Nowadays multi-wire steel ropes are widely used in engineering structures and play a critical role while carrying heavy weights in different sectors of industry. Due to environmental and operational conditions, also fatigue, multiple defects can develop in such ropes. Usually they are inspected using acoustic emission and magnetic flux techniques. However, magnetic flux method provides ability to test only relatively thin wire ropes and is very sensitive to the way in which the wire rope has been magnetised, while acoustic emission enables to inspect only short sections of the rope and requires a complicated analysis of acoustic signals. Ultrasonic Guided Waves (GW) are rather promising for detection of various structural non-homogeneities, because they may propagate long distances and are quite sensitive both to surface and internal defects. However, in the case of multi-wire ropes the key issue is whether GW will propagate only in a one particular wire, in which it was excited, or it will propagate in the whole multi-wire rope. In other words, the possibilities of inspection will depend on the character of GW propagation inside the rope which in turn is affected by the excitation method and a mechanical contact between neighbouring wires.

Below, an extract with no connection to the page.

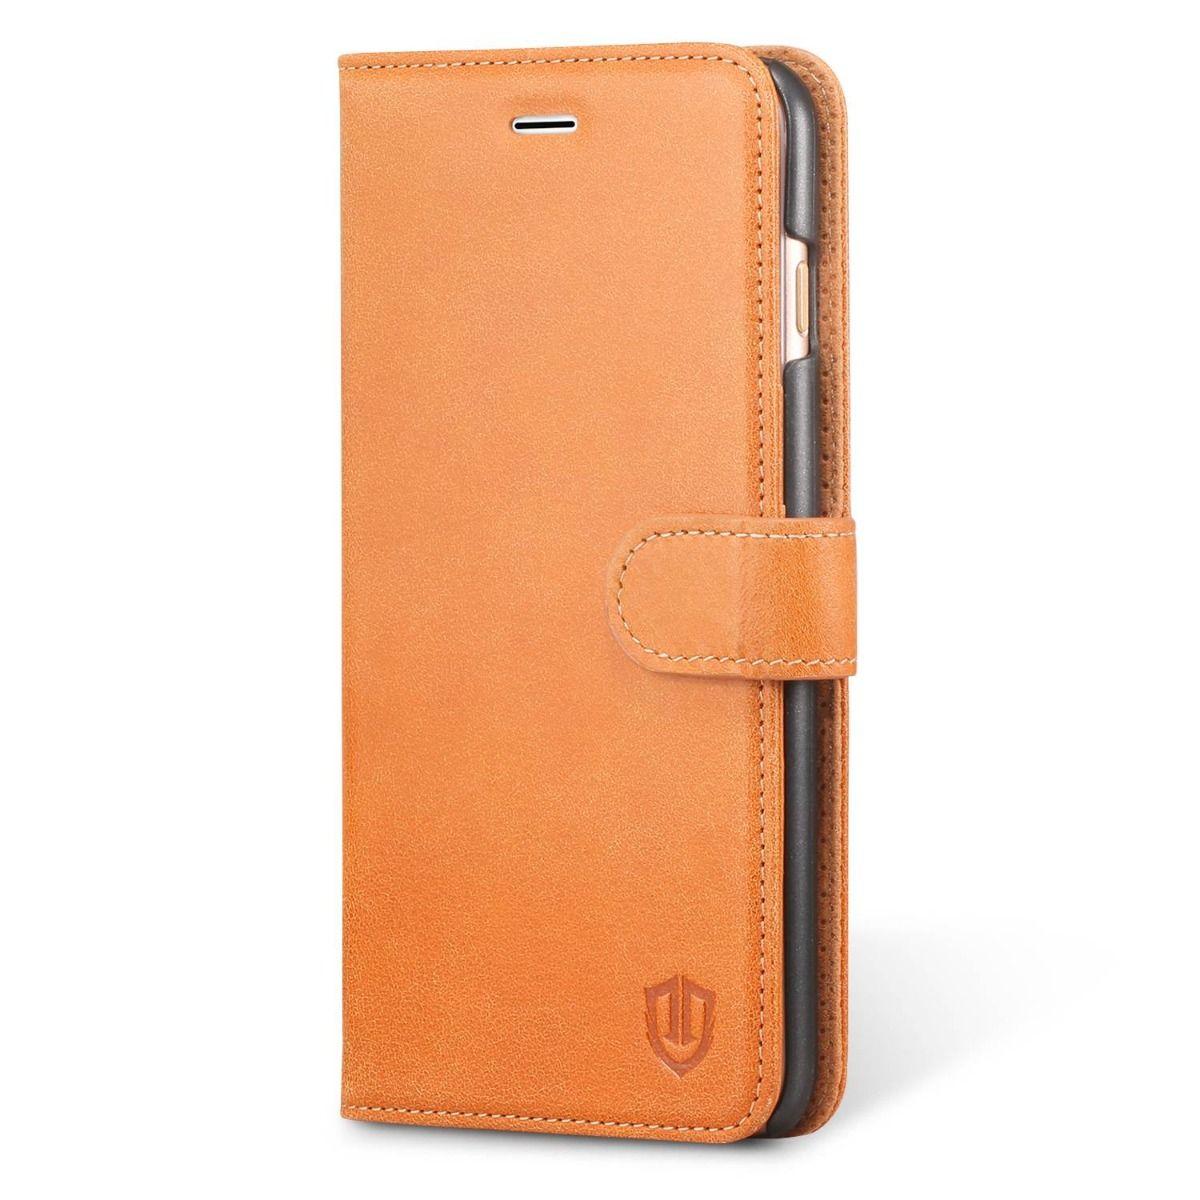 iphone 6 plus case leather

Therefore, the objective of this work is to investigate propagation of GW along multi-wire ropes and to find out how deep into the structure of the rope the inspection is efficient in the cases of various types of acoustic contacts between neighbouring wires and the internal core.

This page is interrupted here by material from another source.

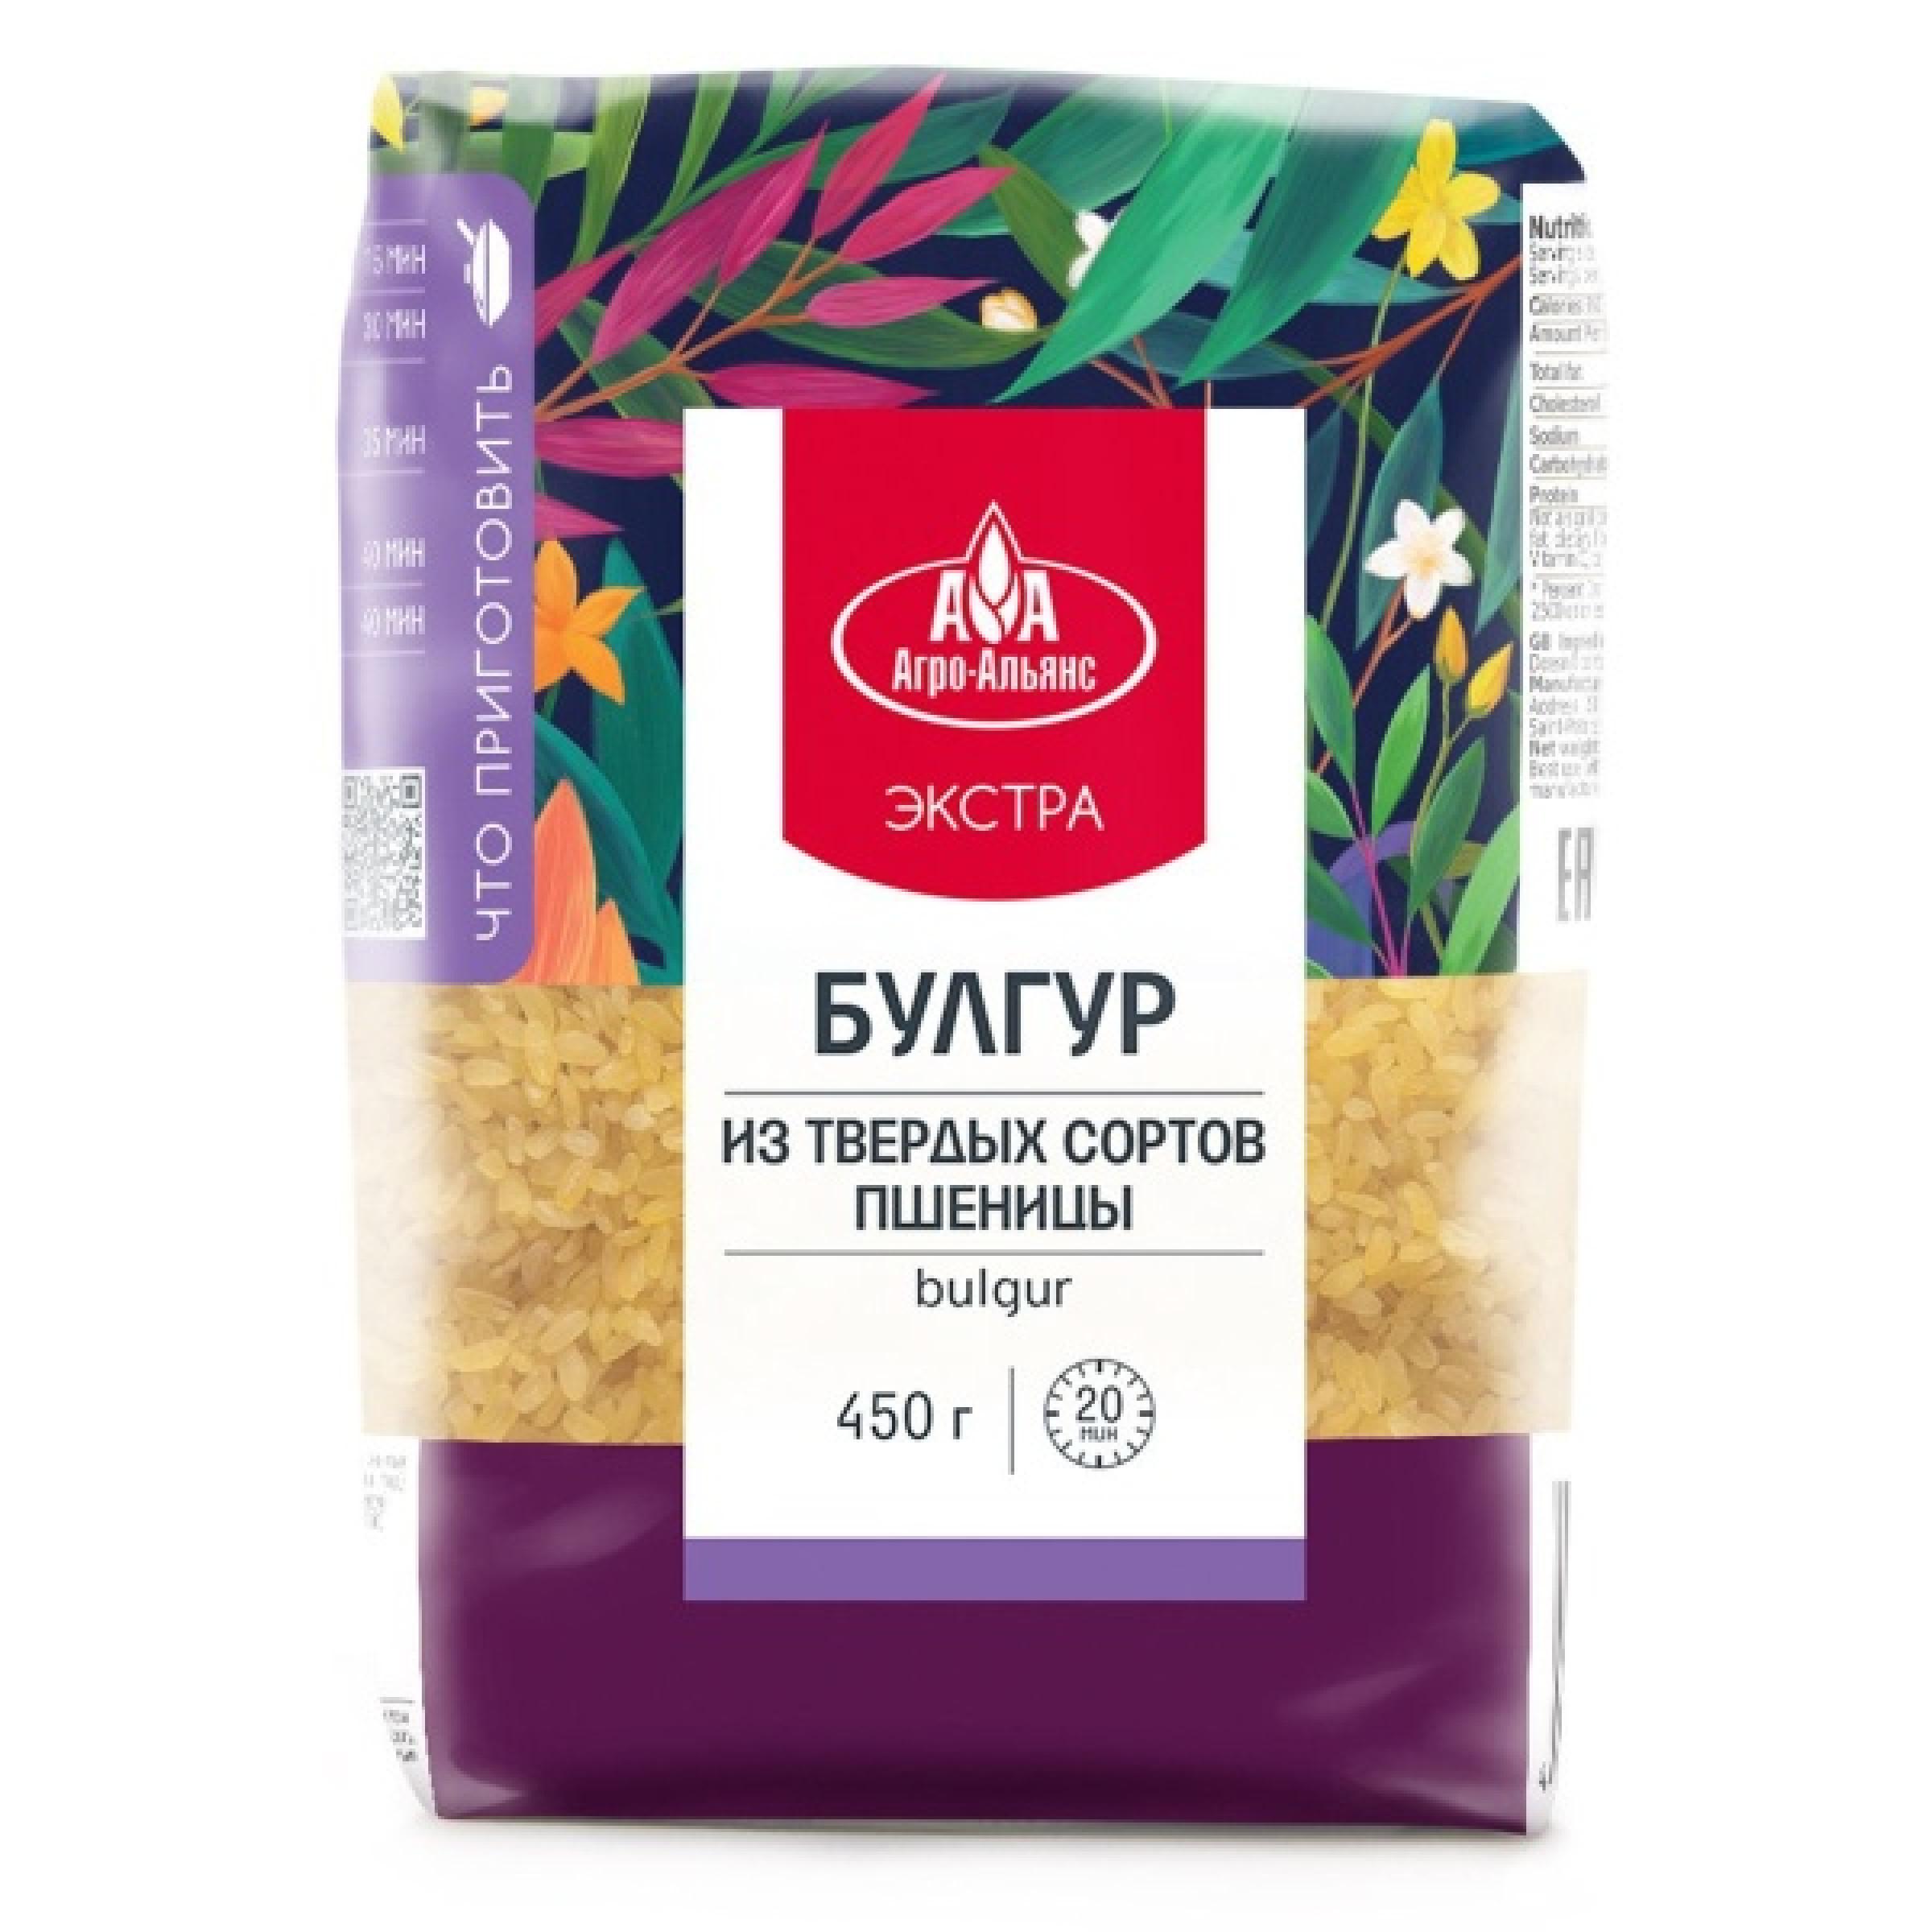 """Пшеничная крупа """"Агро-Альянс"""" Экстра Булгур, 450гр"""

The propagating ultrasonic GW modes along the multi-wire ropes were determined by modelling using analytical and SAFE techniques. In order to investigate the effects of GW propagation, the two types of the acoustic contact between neighbouring wires were simulated using Finite Element method (FE) as well. The obtained results showed that in the case of the edge type excitation and a solid contact between the neighbouring wires, mainly the L(0,1) mode is generated. However, in the case of the solid contact the F(1,1) mode is also generated due to mode conversions at each junction between neighbouring wires. In the case of the excitation from the top, mainly the F(1,1) mode is generated for the both types of the contact: slip and solid. The key question for development of the inspection technique was estimation of the actual boundary conditions between neighbouring wires (solid or slip) and the real depth of penetration of GW into the internal structure of the rope. Therefore, in order to verify the results of FE modelling, the multi-wire rope possessing the overall diameter of 35 mm, made of six steel strands and with an internal polymer core, has been investigated experimentally. It was obtained that the best results of crack type defects detection are obtained when measurements of GW are performed on the same strand as excitation. For this reason a special testing technique using a pair of the contact-type transducers with a fixed measurement distance, the length of which is equal to full rotation of a single strand in the rope, was proposed.